_AIM OF THE EXERCISE:_ Output the listing exactly, without its pictures.

_GIVEN MATERIAL:_
===

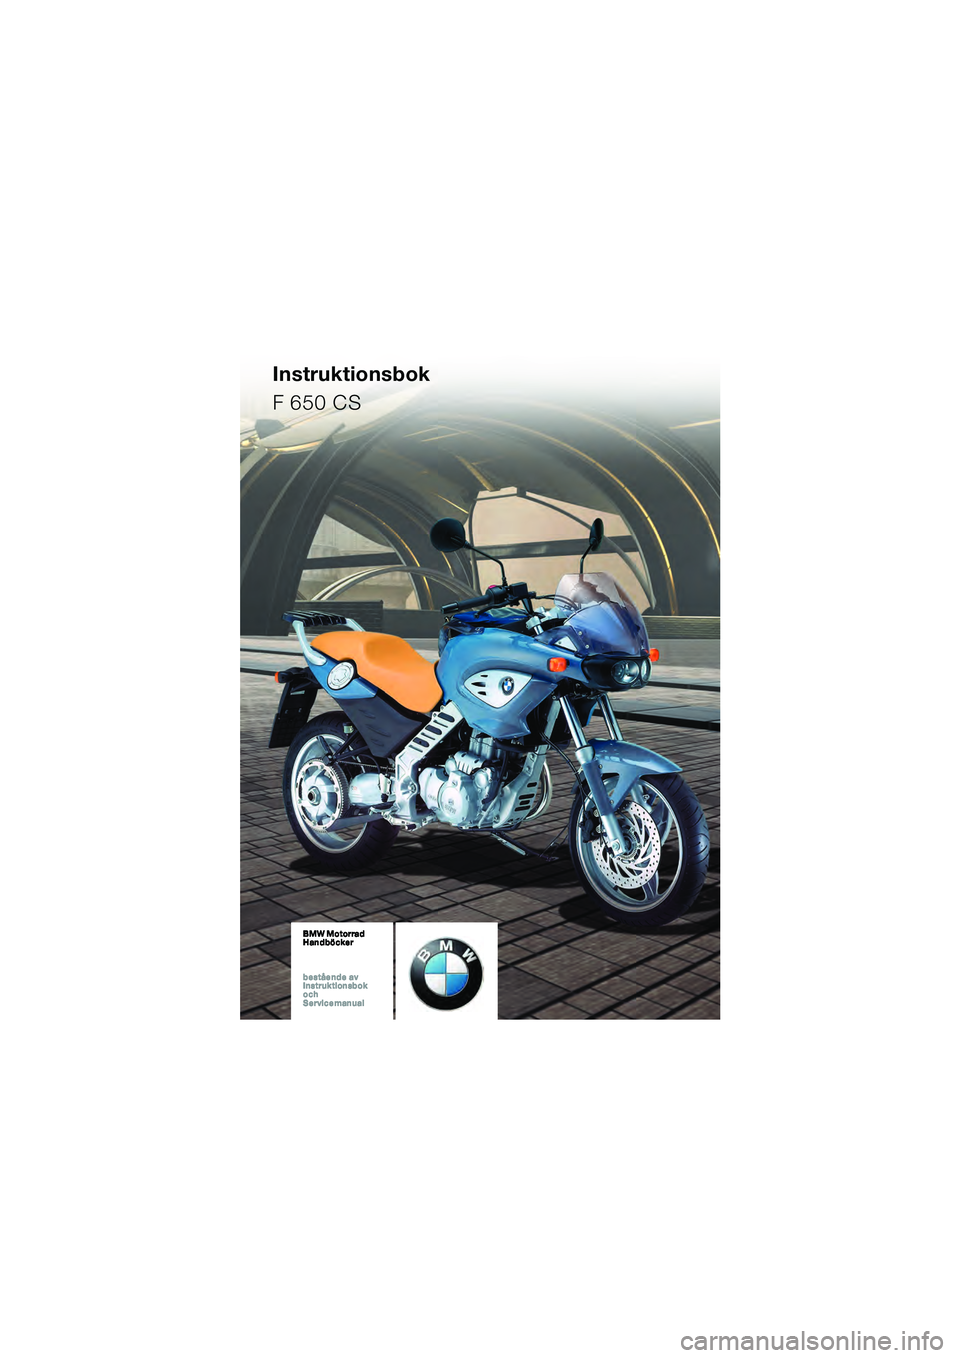 BMW MOTORRAD F 650 CS 2003  Instruktionsbok (in Swedish) Instruktionsbok
F 650 CS
10K14bks2.book  Seite 1  Montag, 15. September 2003  1:13 13

===

_OUTPUT OF THE TASK:_
 BMW MOTORRAD F 650 CS 2003  Instruktionsbok (in Swedish) Instruktionsbok
F 650 CS
10K14bks2.book  Seite 1  Montag, 15. September 2003  1:13 13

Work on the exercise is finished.